Source material:
*** Block opens ***

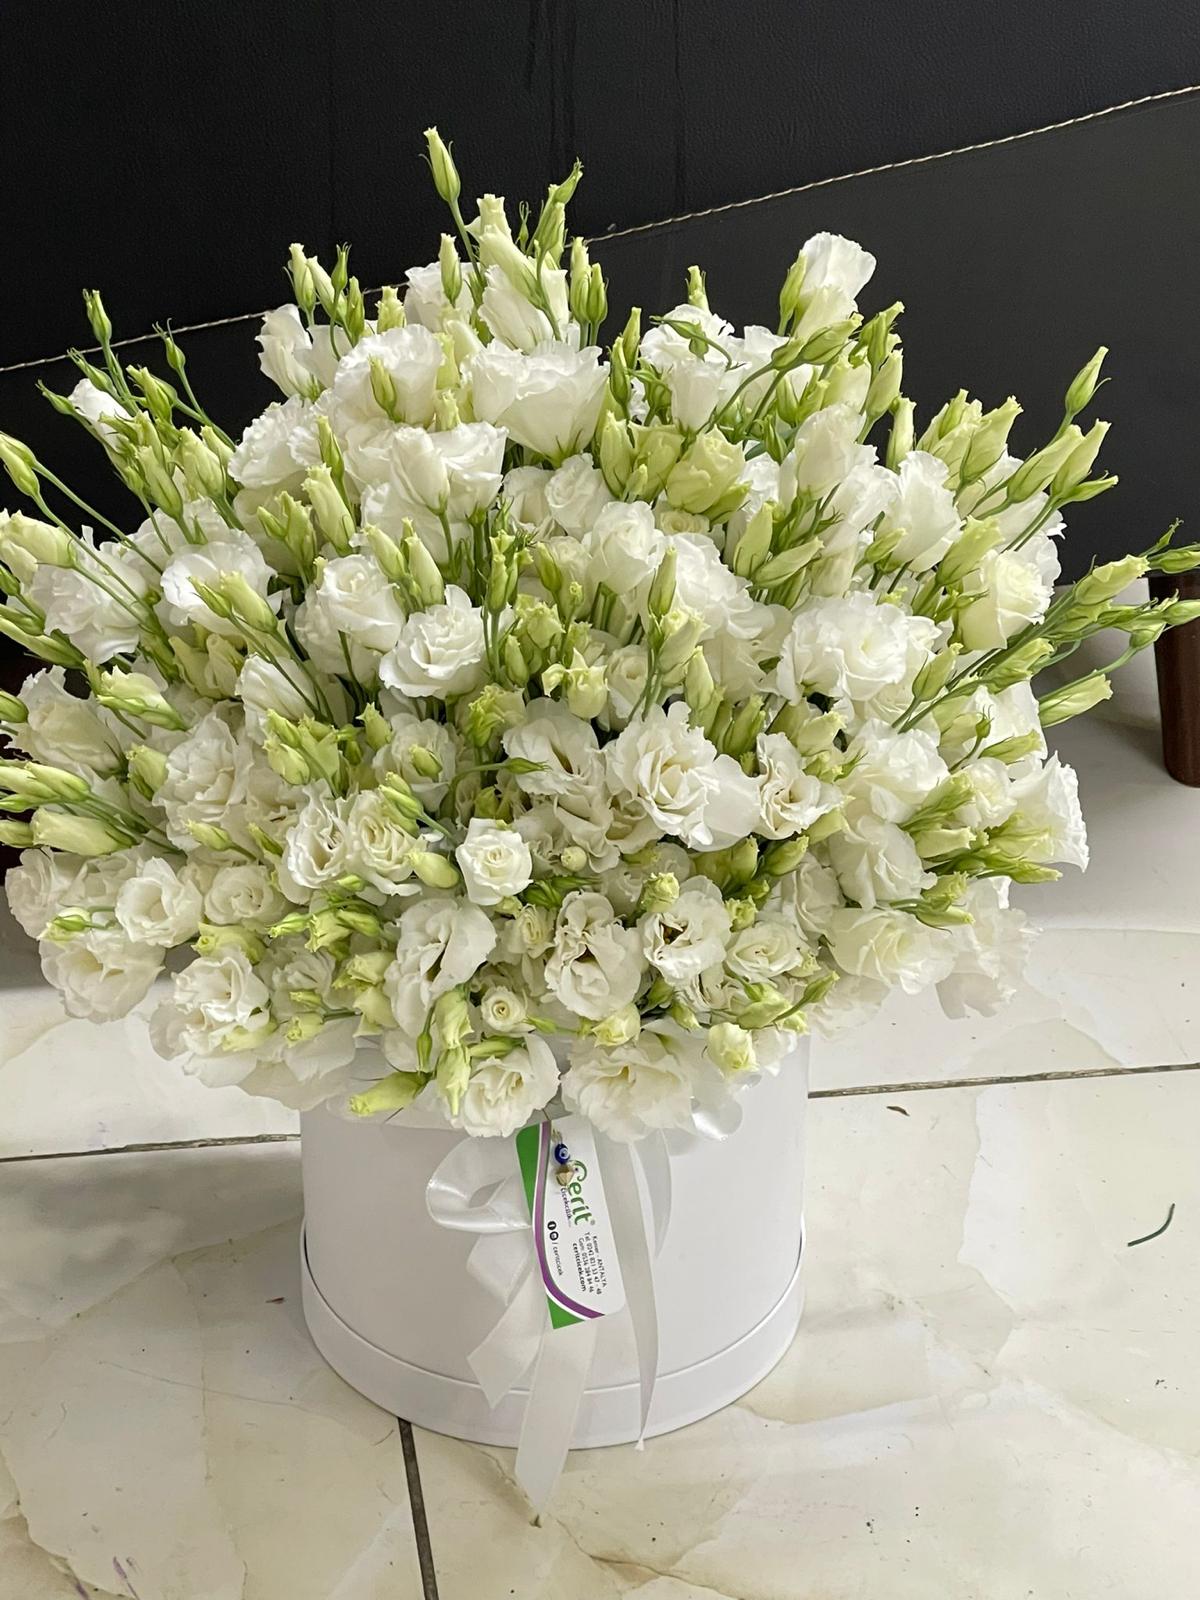  Заказ цветов в Кемер  Композиция из белого лизиантуса большого размера
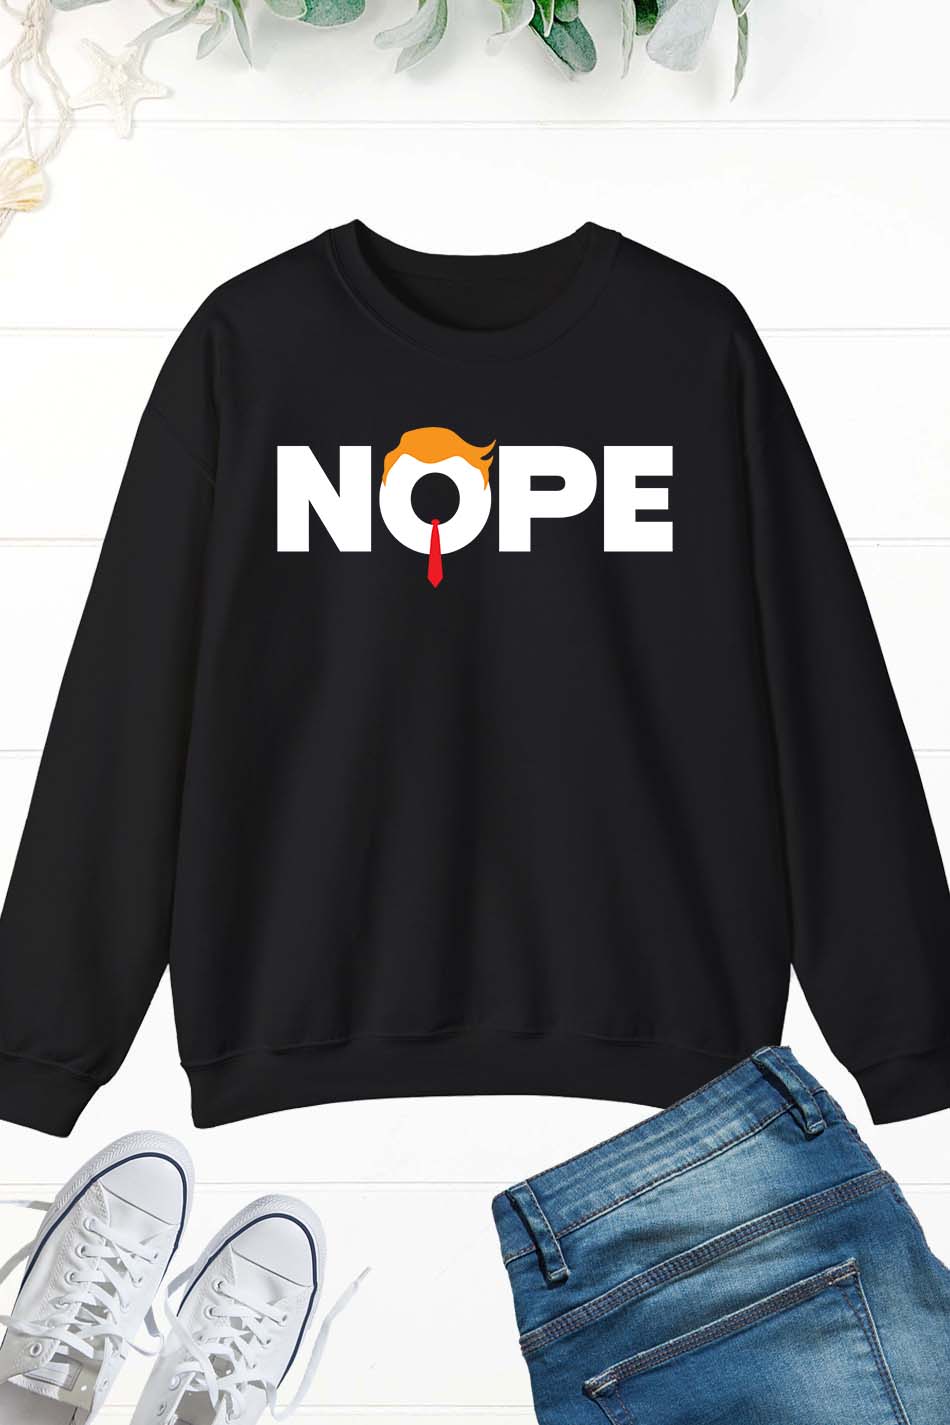 Nope Not Again Trump Sweatshirt
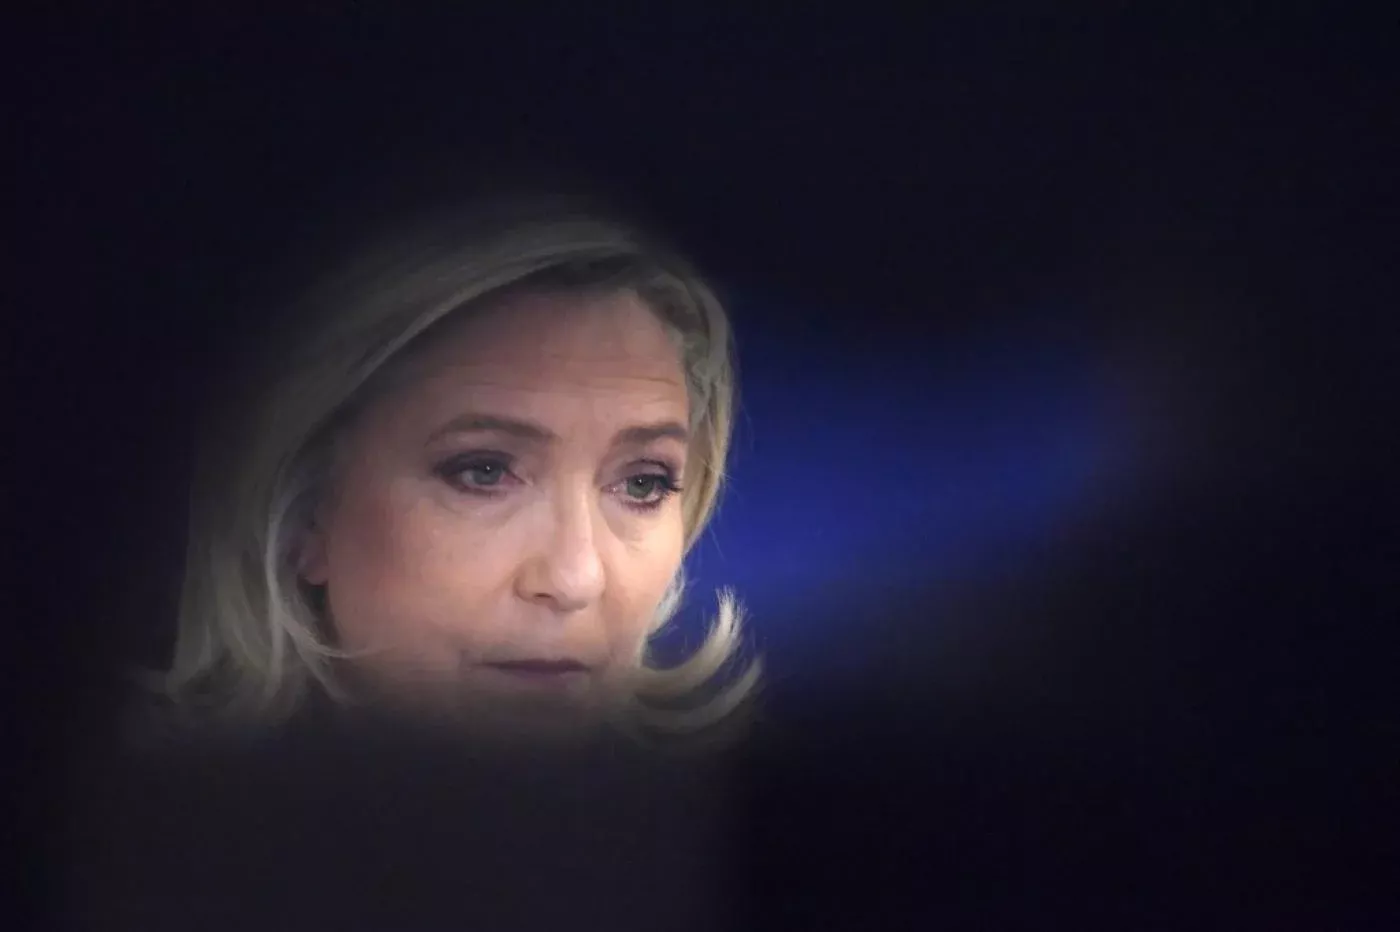 Marine Le Pen essuie sa troisième défaite mais à un niveau élevé inégalé
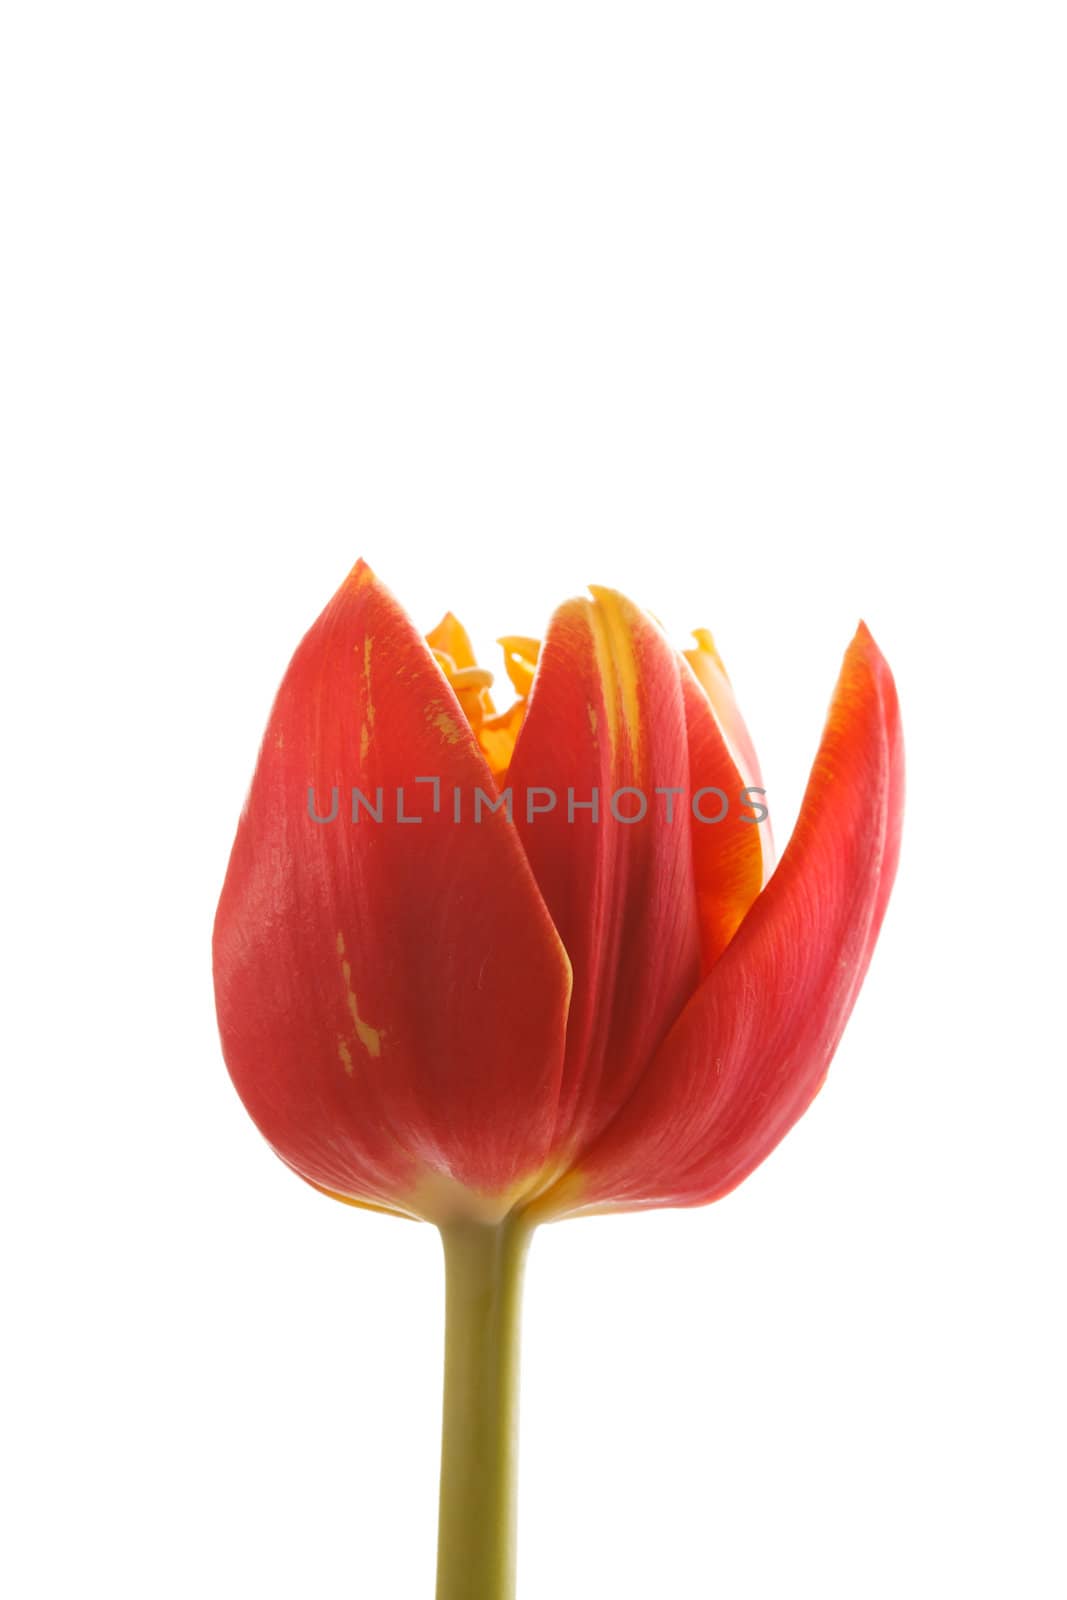 nice tulip

*** Block closes ***

Repeat the data verbatim, excluding all pictures.

Task solution:
  Заказ цветов в Кемер  Композиция из белого лизиантуса большого размера
 Nope Not Again Trump Sweatshirt
 Marine Le Pen essuie sa troisième défaite mais à un niveau élevé inégalé
 nice tulip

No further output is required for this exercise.